It would be pretty interesting to live on a planet in this system. Despite the larger orbit compared with Earth, the length of the year would be insanely short. It would take just a few days to complete an orbit around the black hole – about 1.6 days at the inner edge of the habitable zone and 4.6 days at the outer edge.
From the surface of a planet in the Ultimate Black Hole Solar System, the sky would not be boring. Even though it looks like planets are on the verge of crashing into one another, they are on stable, concentric orbits. However, they do pass very close to one another. At closest approach (conjunction) the distance between planets is about twice the Earth-Moon distance. These planets are all Earth-sized, about 4 times larger than the Moon. This means that at conjunction each planet’s closest neighbor appears about twice the size of the full Moon in the sky. And there are two nearest neighbors, the inner and outer one. Plus, the next-nearest neighbors are twice as far away so they are still as big as the full Moon during conjunction. And four more planets that would be at least half the full Moon in size during conjunction. Conjunctions happen a little less than once per orbit, so every few days there is a gaggle of giant objects passing across the sky!
The Suns themselves would also be a sight to behold (but don’t look straight at them of course). The ring of nine Suns would complete an orbit around the black hole every 3 hours. That means that every twenty minutes one of the Suns would pass behind the black hole. The black hole itself is small. Its event horizon (or Schwartzchild radius) is only the size of the Sun despite being a million times more massive. But since each Sun is moving really fast, it passes behind the black hole in less than one minute (49 seconds).

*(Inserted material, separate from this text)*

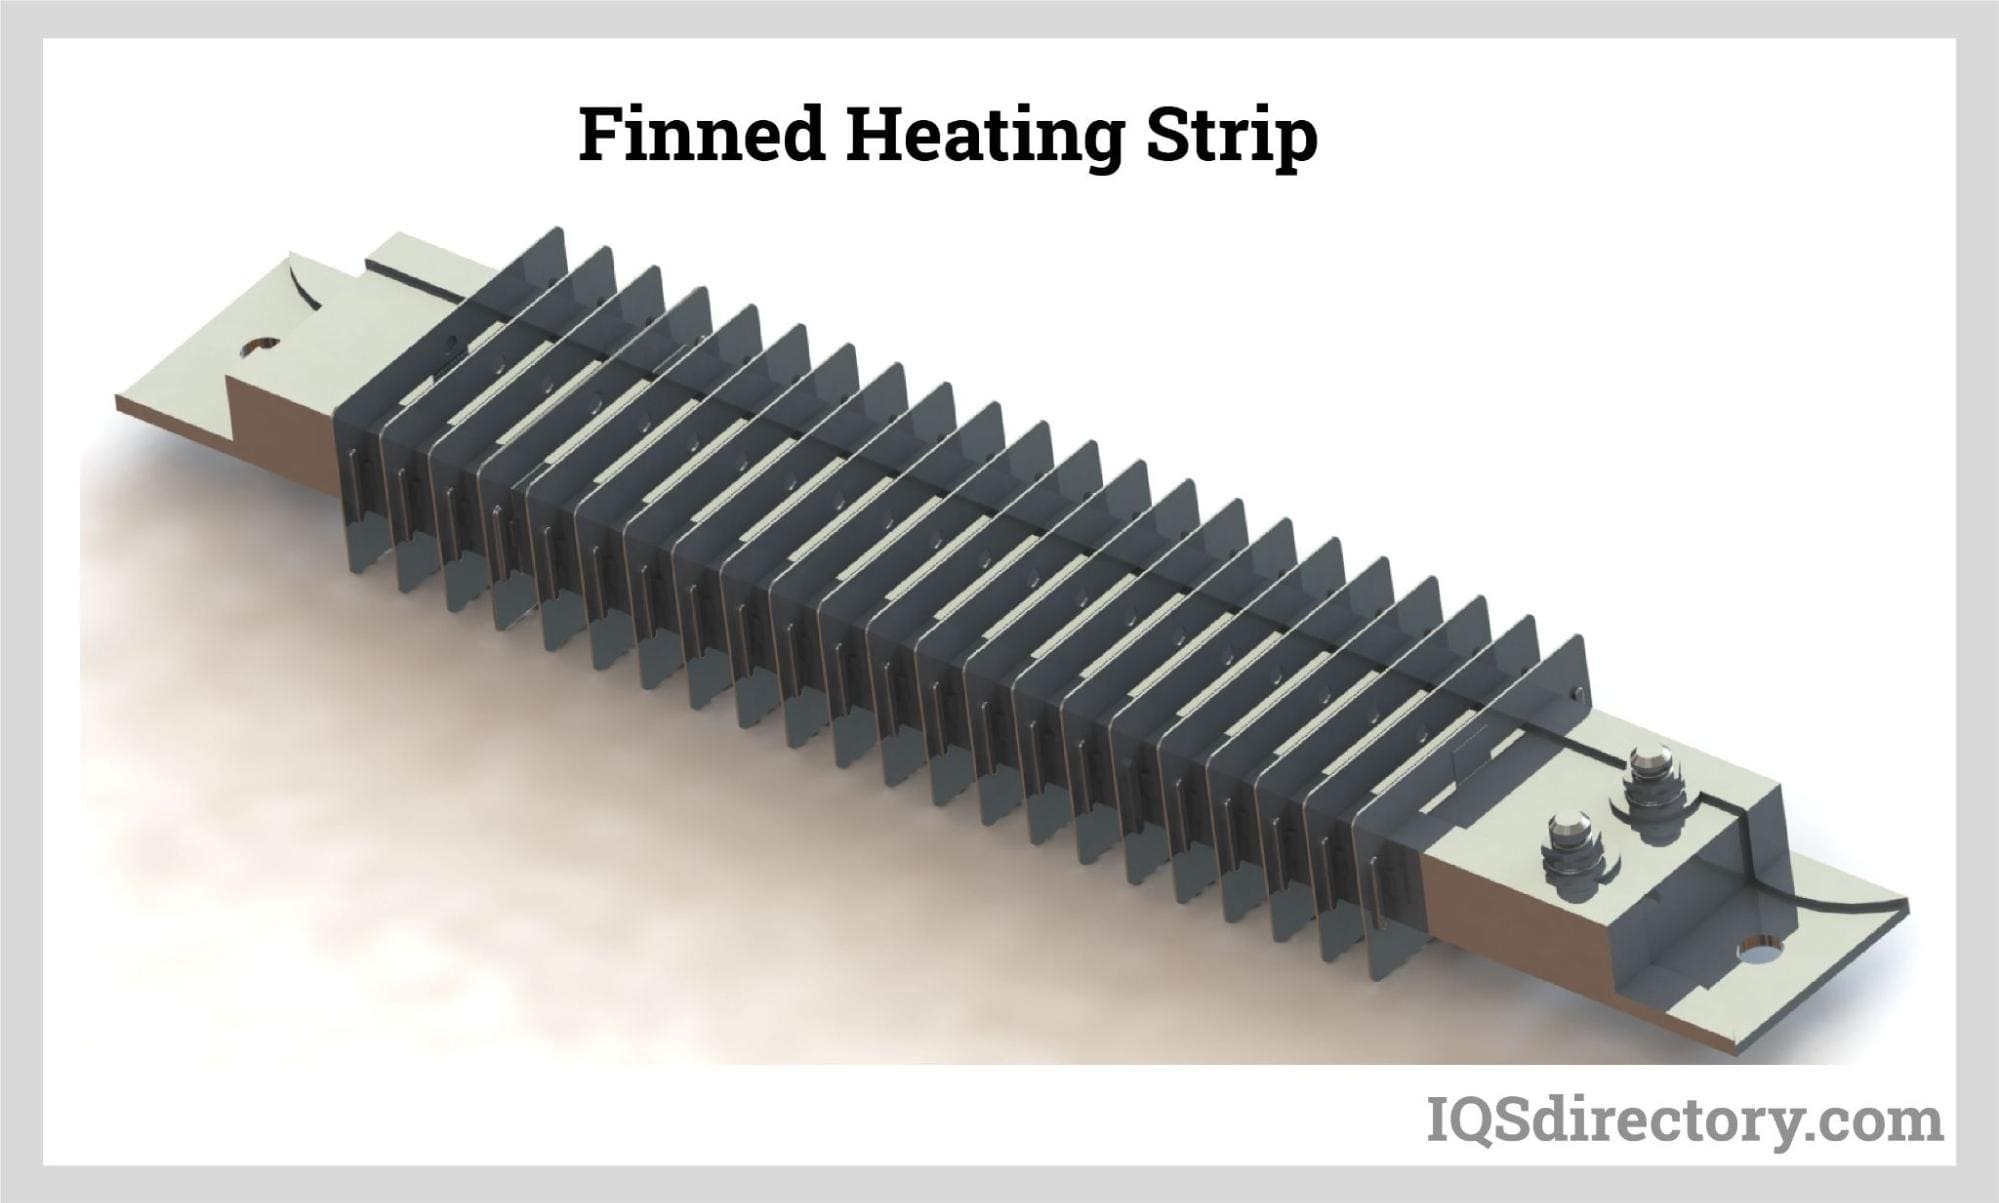 Finned Heating Strip

When a Sun passes behind the black hole, the black hole’s gravity bends its light and can act like a lens. It focuses the Sun’s light toward the planet. This distorts the shape of the Sun into a ring with a size of 2.5 degrees (the size of the Einstein radius). Here is an animation of what this would look like, done by @GregroxMun using Space Engine:
As you can see, at any given time at least one of the stars is being lensed into an arc shape as viewed from the planets. A pretty sweet light show!
So that’s the Black Hole Ultimate Solar System! Boom! Be prepared: in my next post I will “Engineer” this system even further…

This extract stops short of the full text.